Connection to the water cycle (they should have learned about this around grade 2):
- Questions:
- What happens to the freshwater on the surface in warm areas like the tropics? (evaporates)
- Where does it end up? (In the atmosphere/clouds .. travels north or south and rains into rivers/lakes/snows on mountains, etc.. → what if it snowed on mountains? It could then melt and travel through rivers and streams and end up back in the ocean!)
- Why do we get storms and rain?
- As ocean currents distribute this heat around the world, it plays into the hydrological cycle as it moves and interacts with the atmosphere – ocean evaporation can increase temperature and humidity in the surrounding area – forming rain and storms (this is why tropics are particularly rainy and stormy!)

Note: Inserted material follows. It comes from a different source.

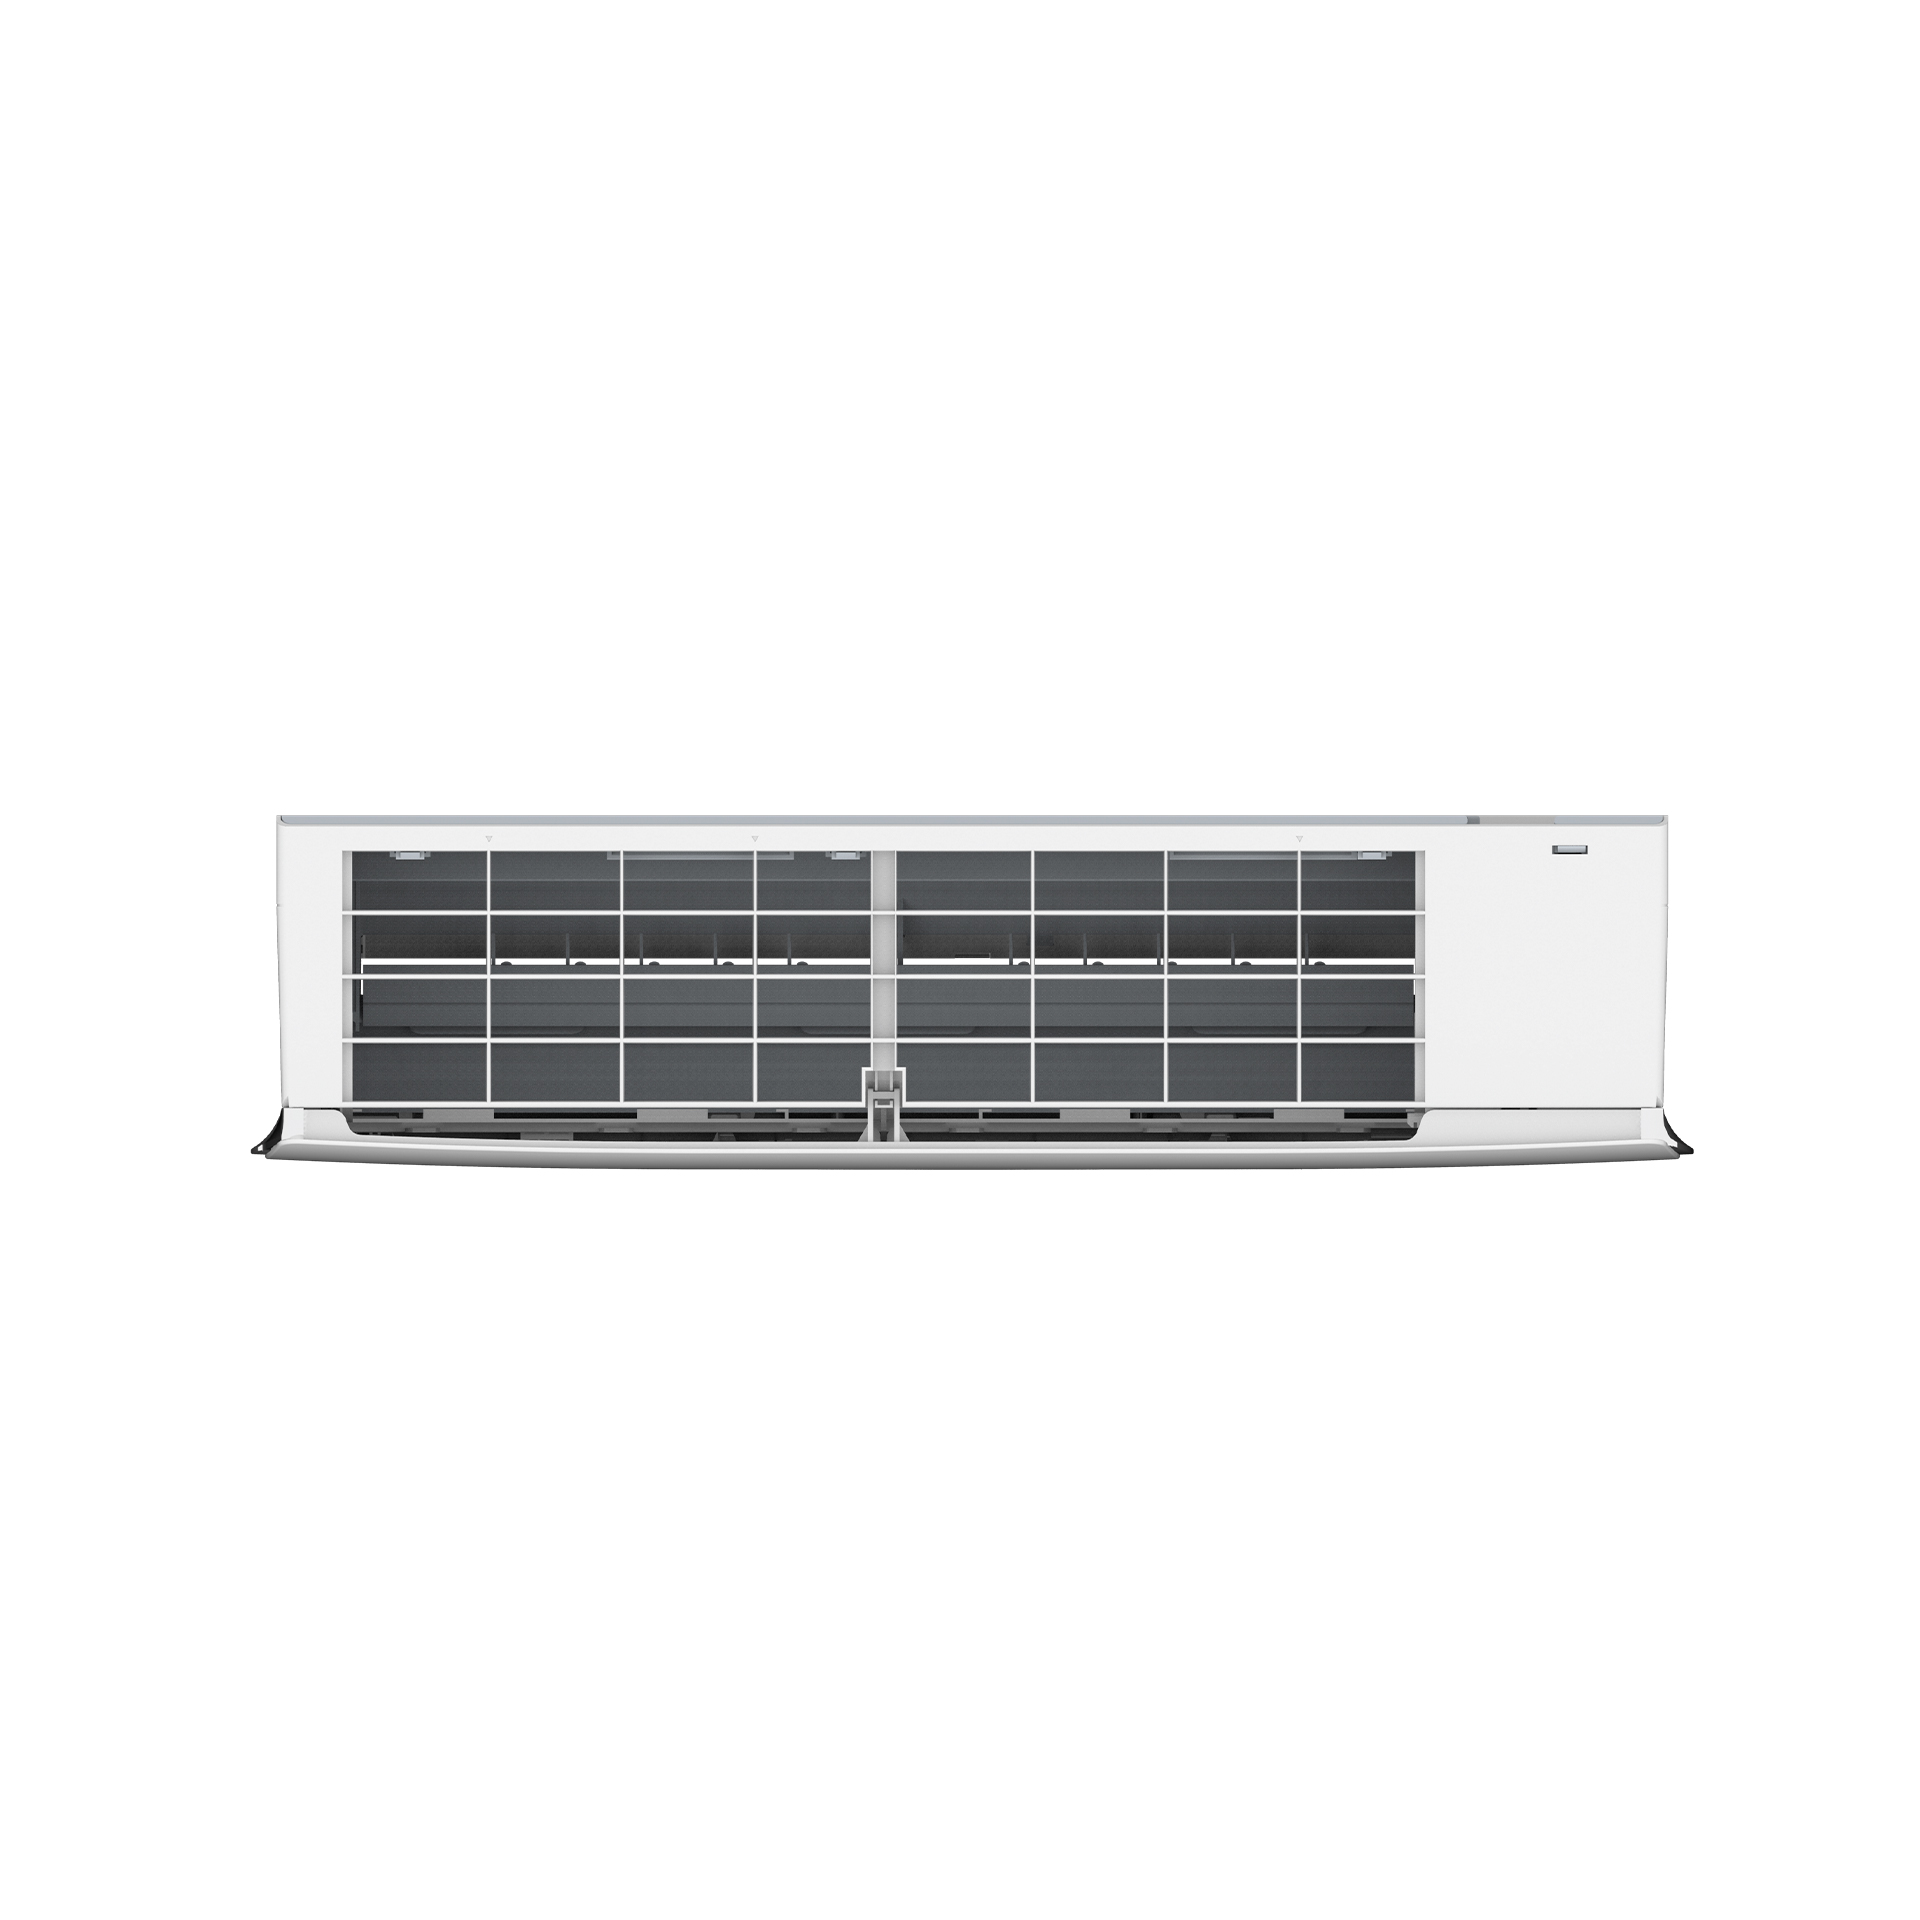 2 Ton Air Conditioner OSDC-24QC– Inverter
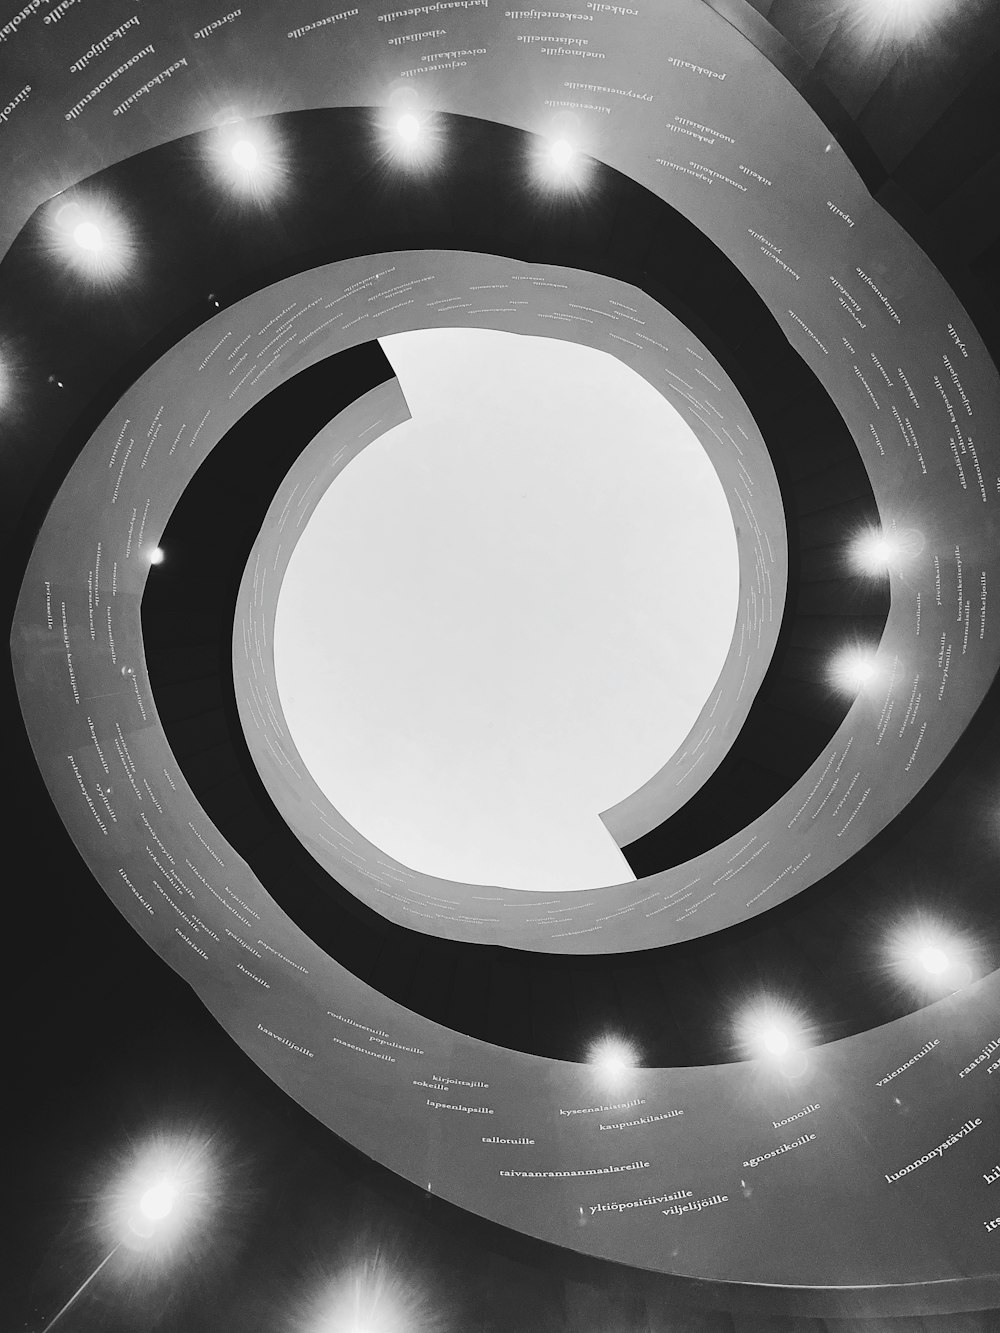 円形構造の白黒写真

Connection to Climate Change:
- Scientists have studied the Atlantic ocean and found that it has gotten slightly saltier over the years. They have also found ocean temperatures to be rising. What could some impacts of this be?
- Question: Can you think of the effects this may have on ocean currents and therefore what else? (weather, distribution of nutrients/gases/plankton, coral reefs (fragile biomes), etc.)
- The majority of radiation from the sun is absorbed by the ocean (particularly in the tropics). The world’s oceans are huge heat sinks and keep our world warm and livable!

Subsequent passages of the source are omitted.